In a video indexing device that identifies a concrete object on the video from the original video information and stores the video of the concrete object,
From the closed caption included in the original video information, extract the sentence whose sentence end is body-stopping, or the last two parts of speech at the end of the sentence are nouns and assertive auxiliary verbs, and extract the last of the nouns included in the extracted sentence A video indexing device comprising feature extraction means for extracting a name of a concrete object by a noun that appears.

In a video indexing device that identifies a concrete object on the video from the original video information and stores the video of the concrete object,
A feature extraction unit is provided for extracting a sentence including a pronoun from a closed caption included in the original video information, and extracting a name of the concrete object using a noun in which the noun is included in the extracted sentence. A video indexing device characterized by that.

The video indexing device according to claim 1 or 2,
Further, dividing means for dividing the closed caption and the video from the original video information, and adding the same time information to the closed caption and the video, respectively,
An index including the name of the concrete object extracted by the feature extraction means, a closed caption with time information divided and given by the division means, and a video with time information divided and given by the division means are stored. A video indexing device comprising: a video indexing storage means.

The video indexing device according to claim 3,
The video indexing apparatus further comprises a search means for searching the video with index and time information by the name of the concrete object from the video index storage means.

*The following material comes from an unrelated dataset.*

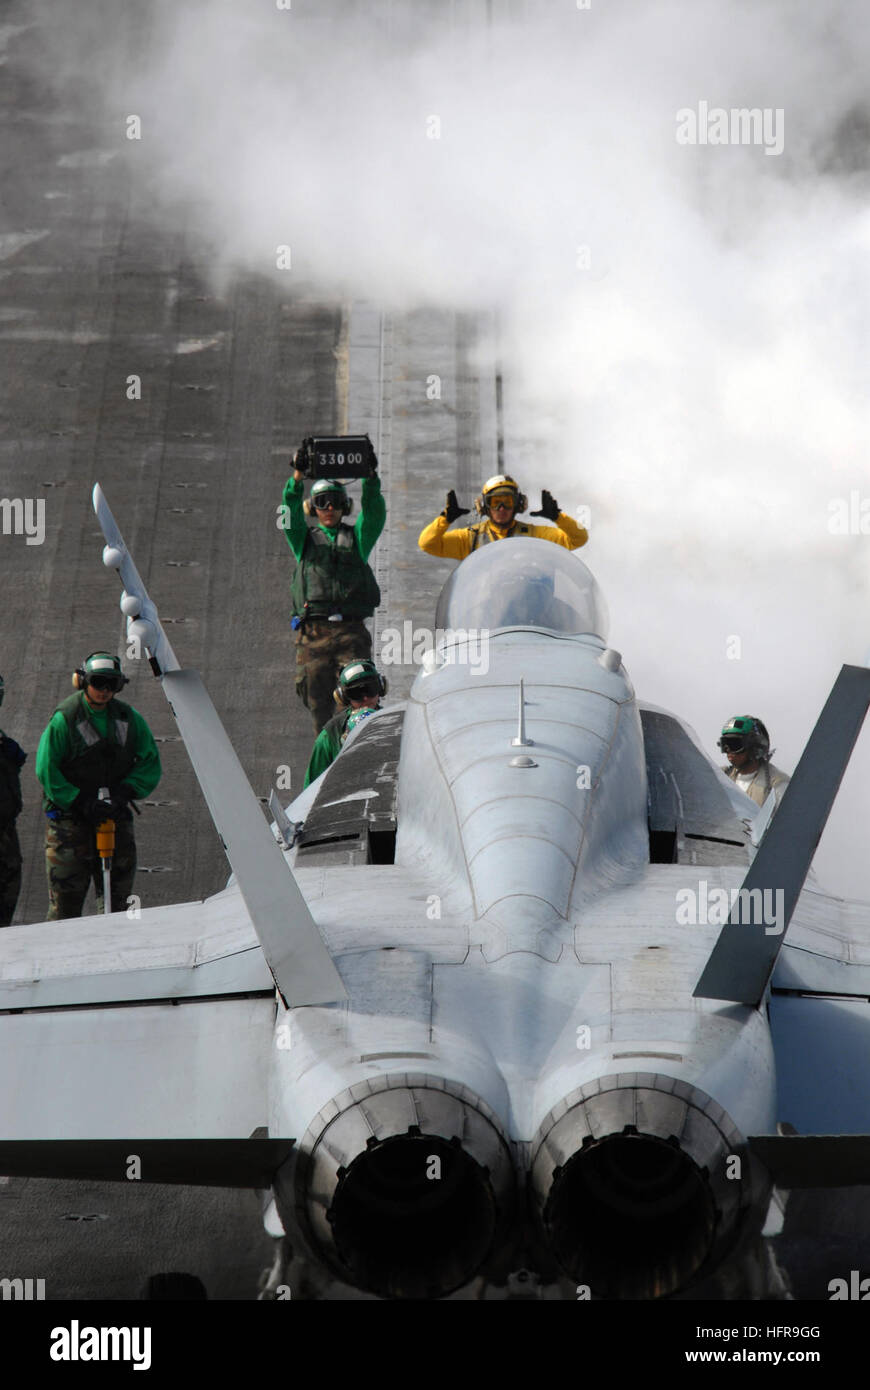 060829-N-7526R-050 Pacific Ocean (Aug. 29, 2006) - An aircraft handler lines up an F/A-18C Hornet on the number-one catapult prior to take off during flight operations aboard the Nimitz-class aircraft carrier USS Ronald Reagan (CVN 76). Reagan is currently underway conducting Fleet Replacement Squadron Carrier Qualifications (FRS-CQ). U.S. Navy photo by Mass Communication Specialist 3rd Class Marc Rockwell-Pate (RELEASED) US Navy 060829-N-7526R-050 An aircraft handler lines up an F-A-18C Hornet on the number-one catapult prior to take off during flight operations aboard the Nimitz-class aircra Stock Photo

In the video indexing device according to any one of claims 1 to 4,
Furthermore, it comprises a concrete object dictionary storage means for storing the names of the concrete objects,
The feature extraction unit searches the concrete object dictionary storage unit, and extracts the name of the concrete object when the final noun of claim 1 or the noun of claim 2 is stored. A video indexing device characterized by

In the video indexing device according to any one of claims 3 to 5,
The video indexing apparatus, wherein the original video information, the index and the video with time information stored in the video indexing storage unit according to claim 3 are distinguished for each program.

In the video indexing device according to any one of claims 1 to 6,
A video indexing apparatus characterized in that audio is used instead of the closed caption.